Task brief:
Your output should be exactly the lines from the one containing "asics woven women's running jacket" through the final line of the records, both included, with every picture left out.

Records from a data collection:
════════════════
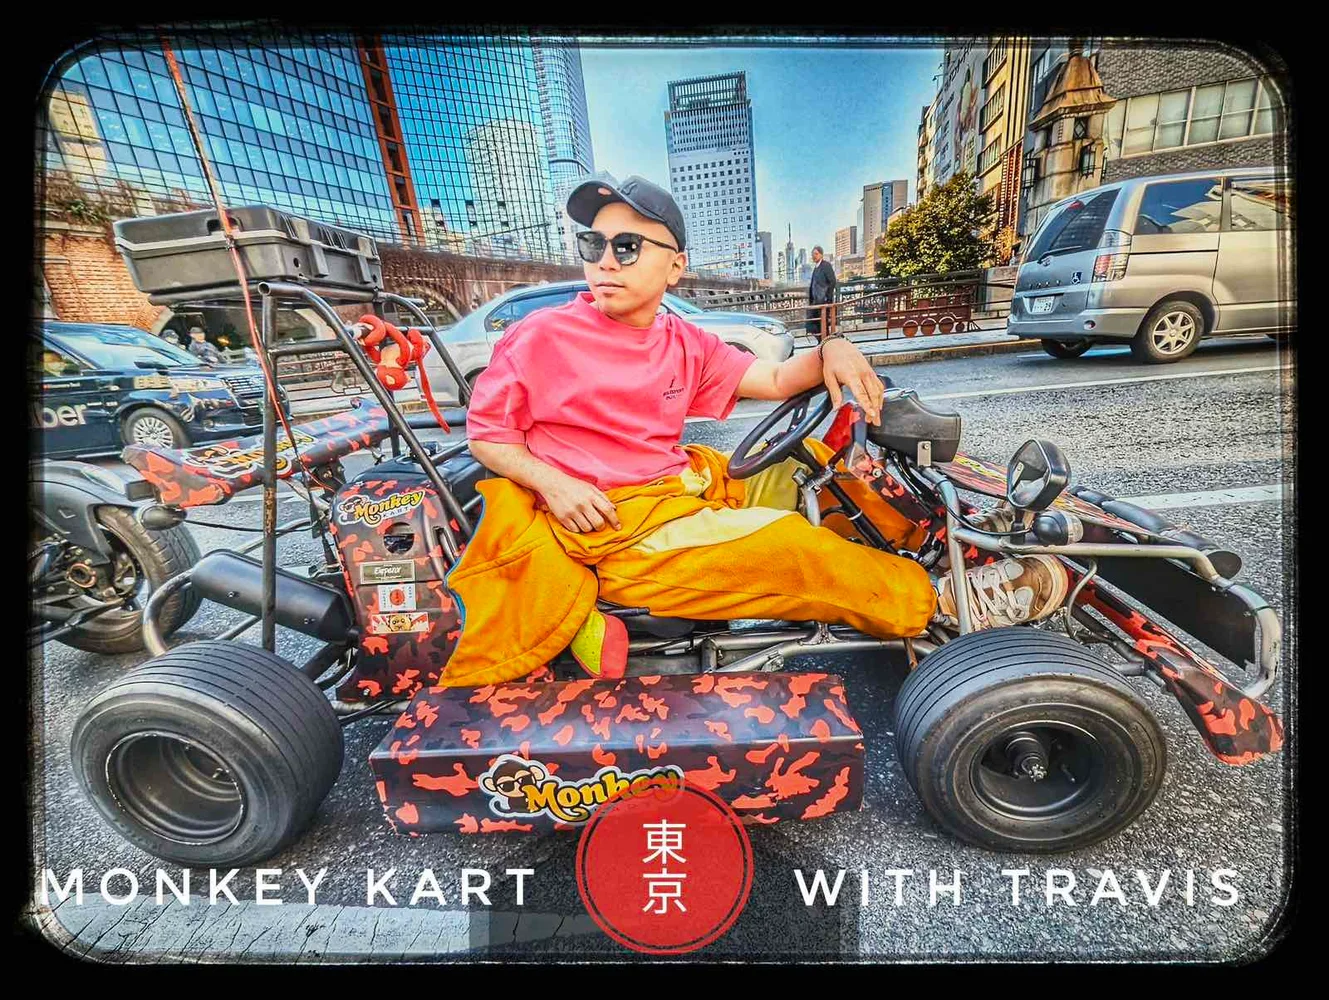 Book Asakusa Monkey Kart Tour on a Customized Go-Kart!
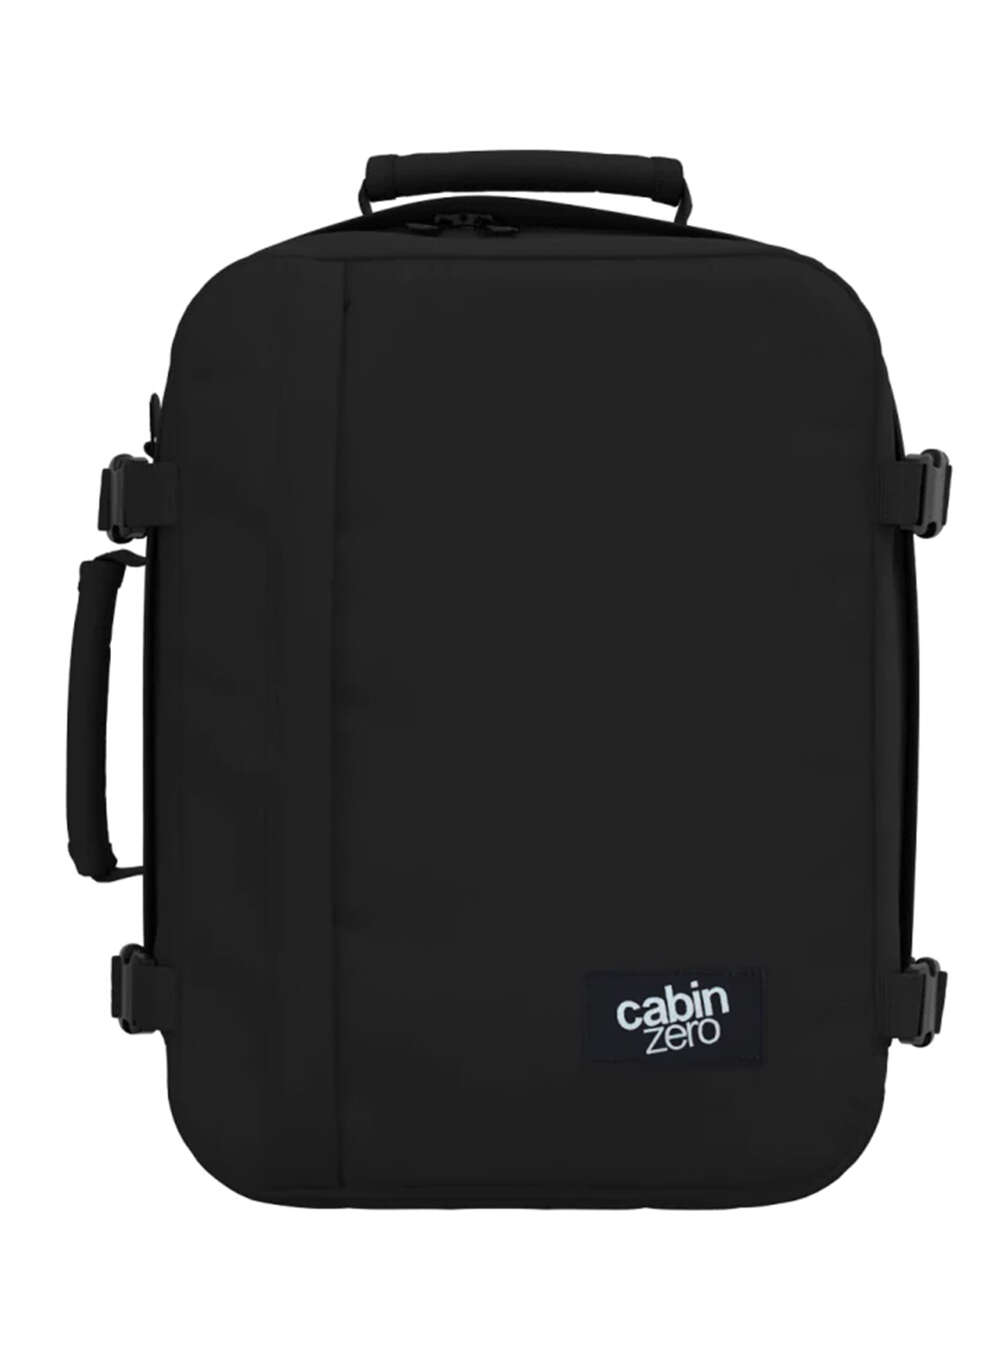 Plecak torba podręczna Cabin Zero Classic 36L Absolute Black. Najlepsze  Ceny! 
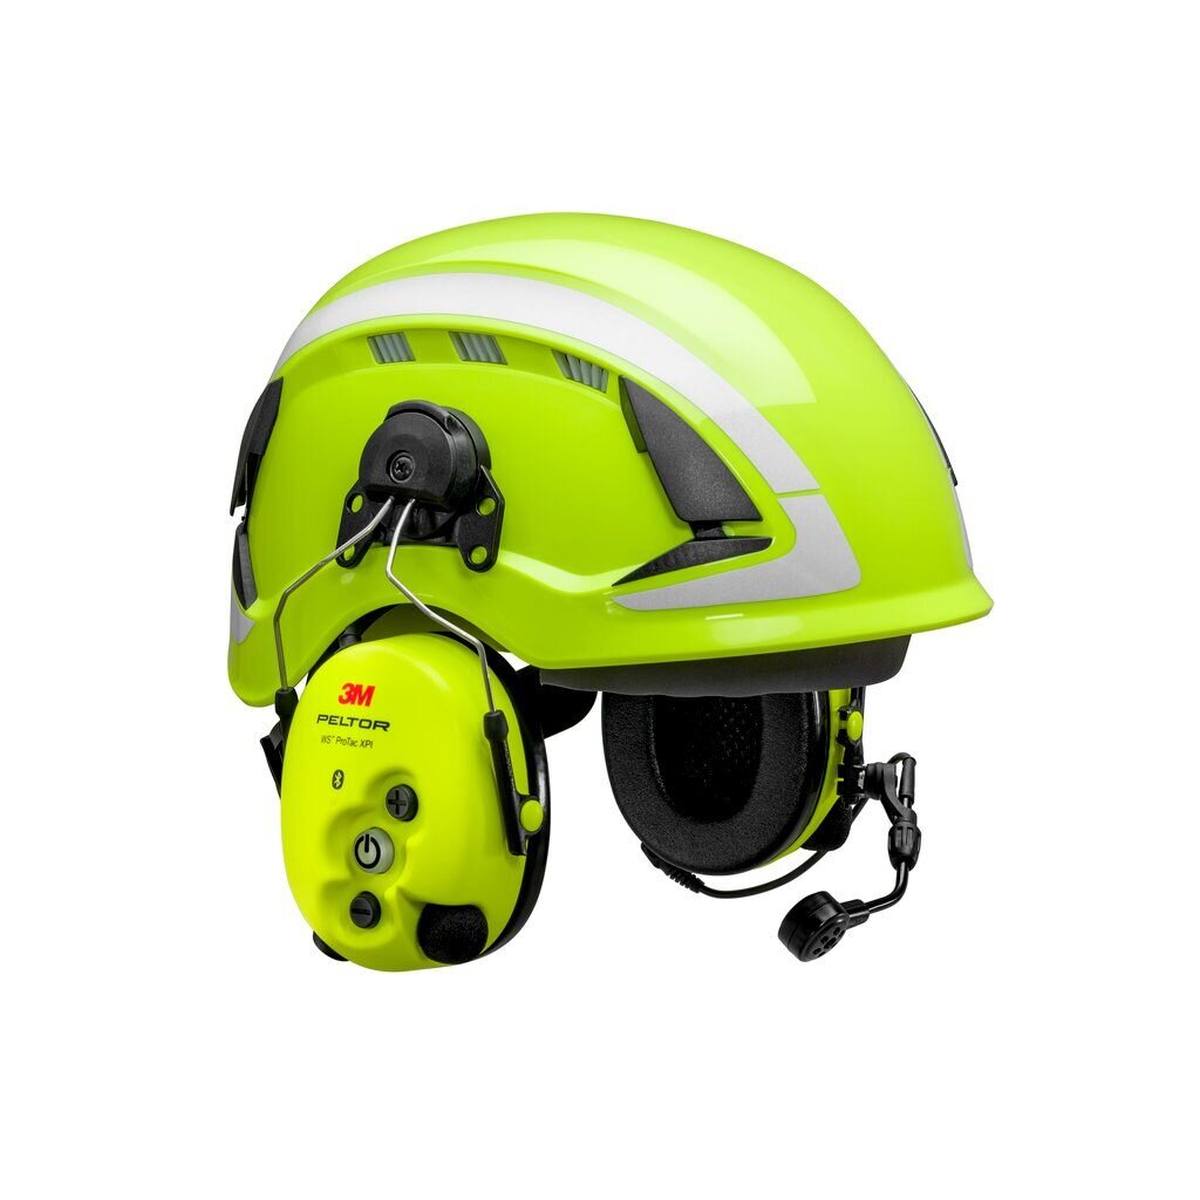 3M Peltor WS ProTac XPI cuffie di protezione dell'udito FLX2, fissaggio al casco, Bluetooth, giallo, MT15H7P3EWS6-111
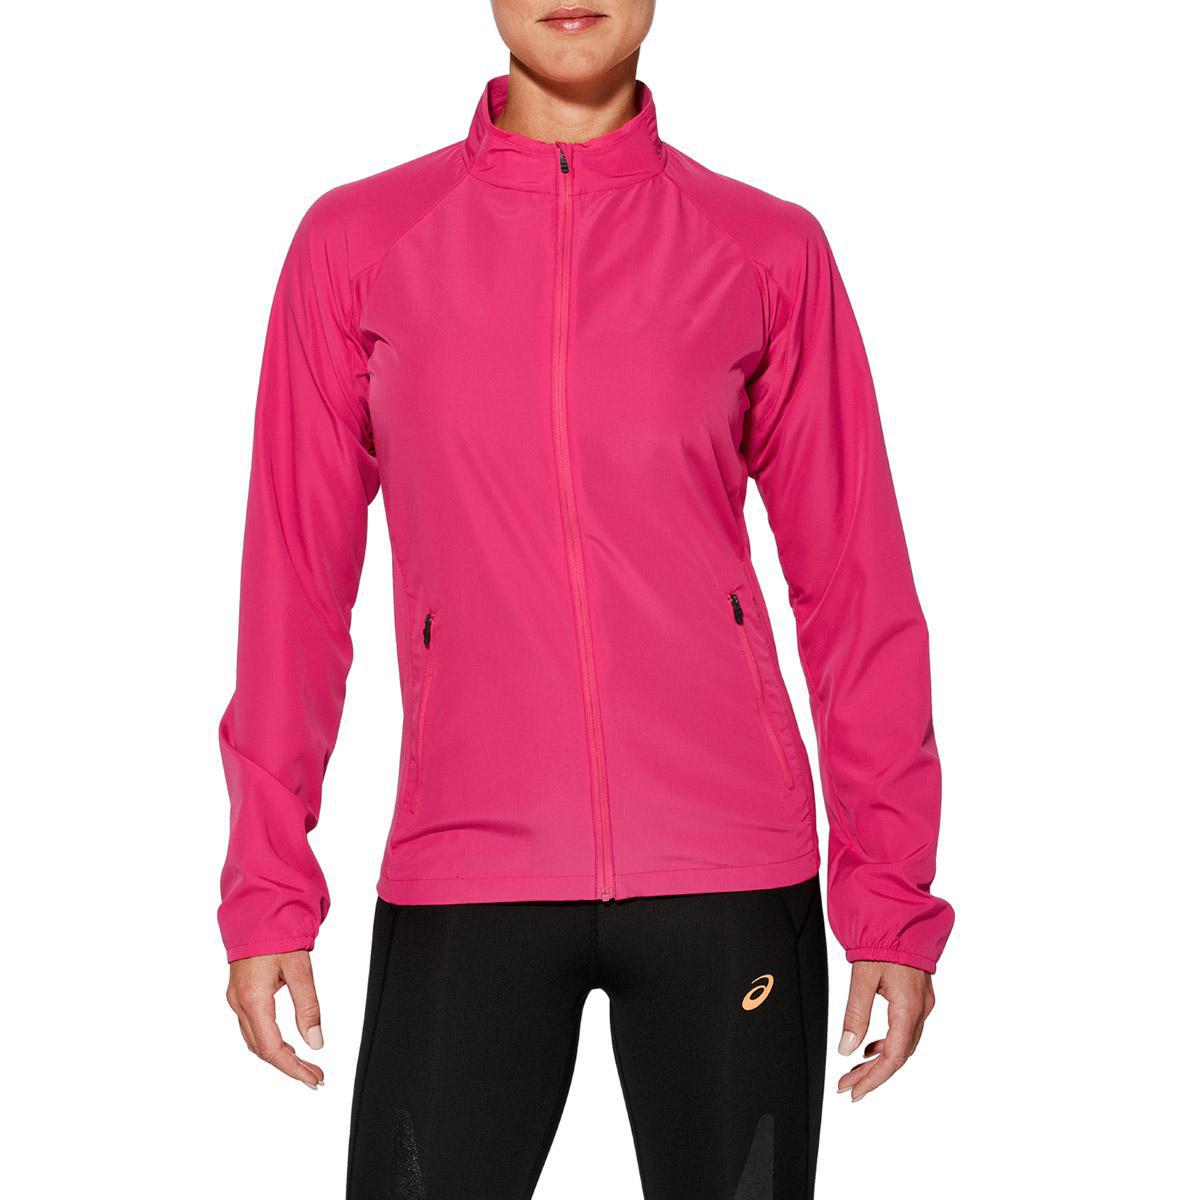 asics woven women's running jacket
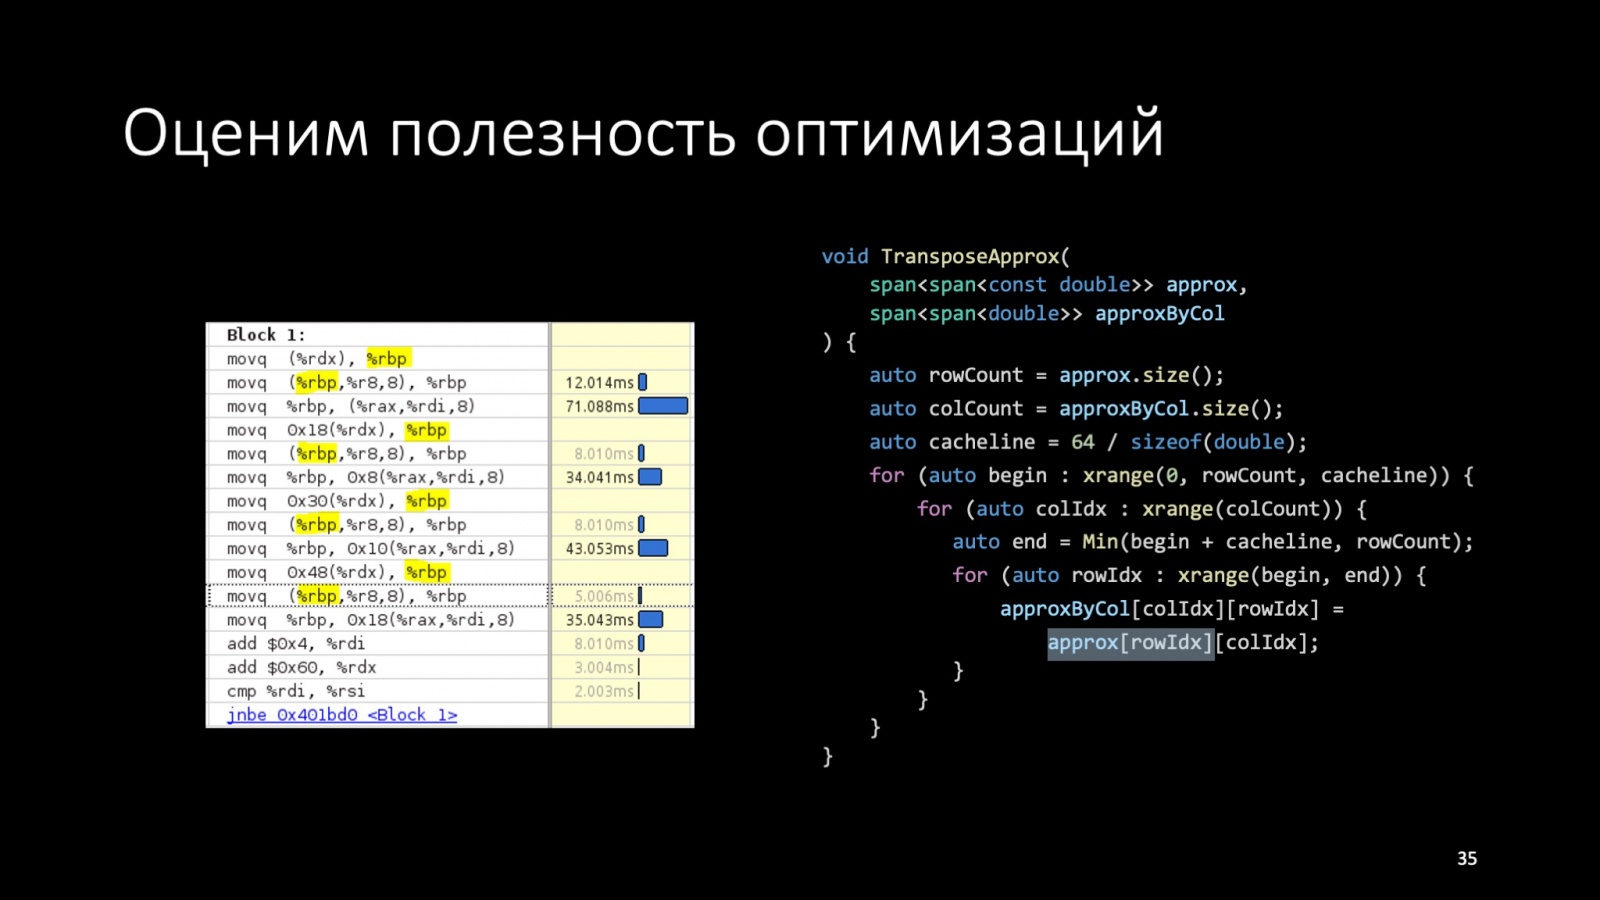 Оптимизация C++: совмещаем скорость и высокий уровень. Доклад Яндекса - 38
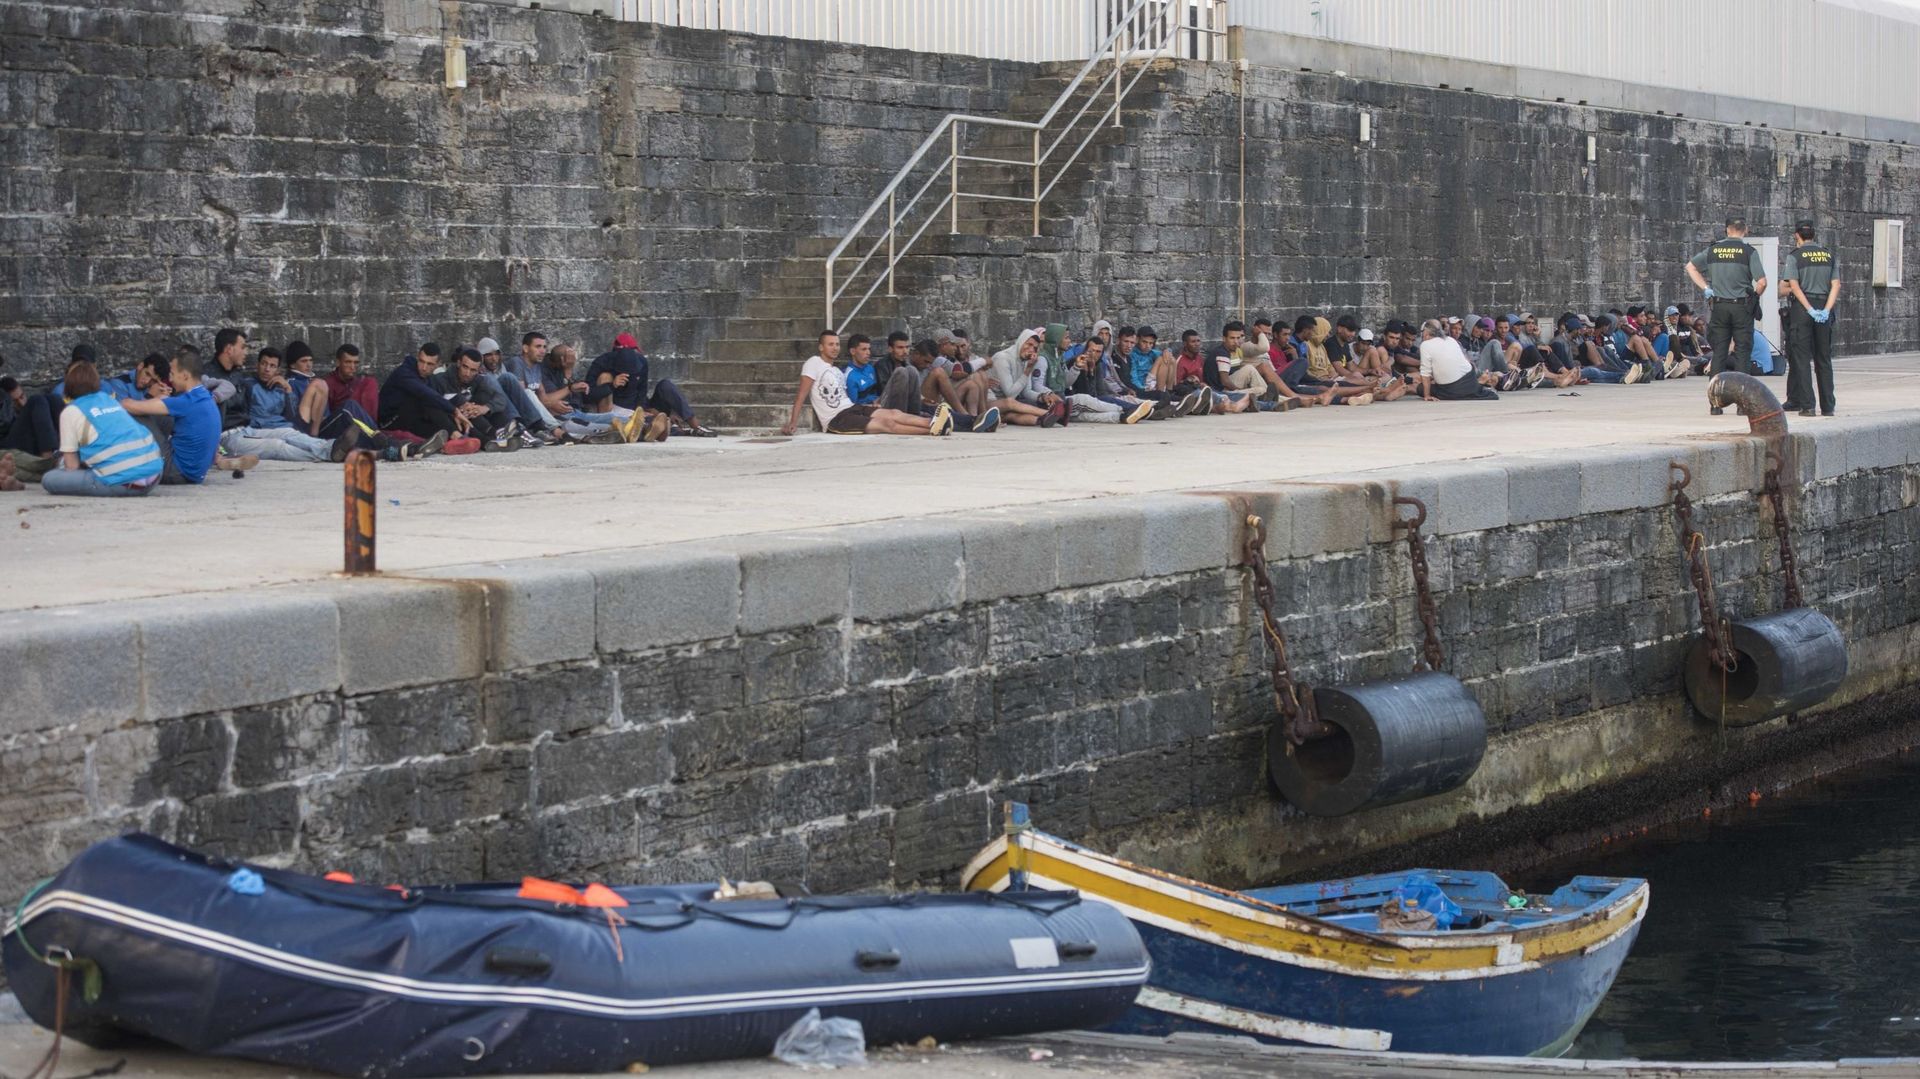 Plus de 1600 migrants sont arrivés sur les îles Canaries ce week-end
════════════════
Problem solution:
 asics woven women's running jacket
 Оптимизация C++: совмещаем скорость и высокий уровень. Доклад Яндекса - 38
 Plus de 1600 migrants sont arrivés sur les îles Canaries ce week-end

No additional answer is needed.